═════ Supplied records ═════
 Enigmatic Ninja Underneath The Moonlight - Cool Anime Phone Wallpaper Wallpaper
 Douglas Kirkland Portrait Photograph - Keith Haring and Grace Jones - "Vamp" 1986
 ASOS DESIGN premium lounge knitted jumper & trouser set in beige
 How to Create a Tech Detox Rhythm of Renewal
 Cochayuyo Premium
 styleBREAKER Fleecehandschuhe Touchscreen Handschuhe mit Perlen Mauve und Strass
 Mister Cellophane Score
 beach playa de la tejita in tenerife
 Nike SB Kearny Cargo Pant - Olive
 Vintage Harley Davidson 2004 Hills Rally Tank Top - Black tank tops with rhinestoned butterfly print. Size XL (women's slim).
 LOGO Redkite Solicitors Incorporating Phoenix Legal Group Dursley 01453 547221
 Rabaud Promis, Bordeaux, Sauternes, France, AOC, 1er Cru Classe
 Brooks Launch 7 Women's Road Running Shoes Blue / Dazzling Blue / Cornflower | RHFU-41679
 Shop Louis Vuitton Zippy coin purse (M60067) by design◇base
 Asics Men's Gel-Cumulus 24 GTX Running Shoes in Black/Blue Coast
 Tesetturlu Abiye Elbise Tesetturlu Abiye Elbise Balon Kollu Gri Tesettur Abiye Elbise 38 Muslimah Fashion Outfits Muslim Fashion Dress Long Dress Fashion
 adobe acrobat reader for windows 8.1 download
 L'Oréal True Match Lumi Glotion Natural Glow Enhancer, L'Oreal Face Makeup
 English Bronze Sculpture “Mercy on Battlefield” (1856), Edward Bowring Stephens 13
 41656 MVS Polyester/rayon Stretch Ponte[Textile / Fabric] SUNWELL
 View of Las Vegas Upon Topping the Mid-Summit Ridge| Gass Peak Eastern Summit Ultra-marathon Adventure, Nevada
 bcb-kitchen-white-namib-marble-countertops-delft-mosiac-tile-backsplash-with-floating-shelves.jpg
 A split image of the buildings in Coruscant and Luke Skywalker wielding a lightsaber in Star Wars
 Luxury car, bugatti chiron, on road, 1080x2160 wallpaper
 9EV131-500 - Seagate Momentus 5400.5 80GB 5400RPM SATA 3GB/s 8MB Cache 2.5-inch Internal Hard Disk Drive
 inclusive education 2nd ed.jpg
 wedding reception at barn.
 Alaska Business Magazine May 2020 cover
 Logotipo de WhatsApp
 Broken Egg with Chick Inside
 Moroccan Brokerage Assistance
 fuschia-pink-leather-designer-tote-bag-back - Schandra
═════
Extract the first line above and each line after it up to and including the one with "Shop Louis Vuitton", please, exactly and with nothing else.

 Enigmatic Ninja Underneath The Moonlight - Cool Anime Phone Wallpaper Wallpaper
 Douglas Kirkland Portrait Photograph - Keith Haring and Grace Jones - "Vamp" 1986
 ASOS DESIGN premium lounge knitted jumper & trouser set in beige
 How to Create a Tech Detox Rhythm of Renewal
 Cochayuyo Premium
 styleBREAKER Fleecehandschuhe Touchscreen Handschuhe mit Perlen Mauve und Strass
 Mister Cellophane Score
 beach playa de la tejita in tenerife
 Nike SB Kearny Cargo Pant - Olive
 Vintage Harley Davidson 2004 Hills Rally Tank Top - Black tank tops with rhinestoned butterfly print. Size XL (women's slim).
 LOGO Redkite Solicitors Incorporating Phoenix Legal Group Dursley 01453 547221
 Rabaud Promis, Bordeaux, Sauternes, France, AOC, 1er Cru Classe
 Brooks Launch 7 Women's Road Running Shoes Blue / Dazzling Blue / Cornflower | RHFU-41679
 Shop Louis Vuitton Zippy coin purse (M60067) by design◇base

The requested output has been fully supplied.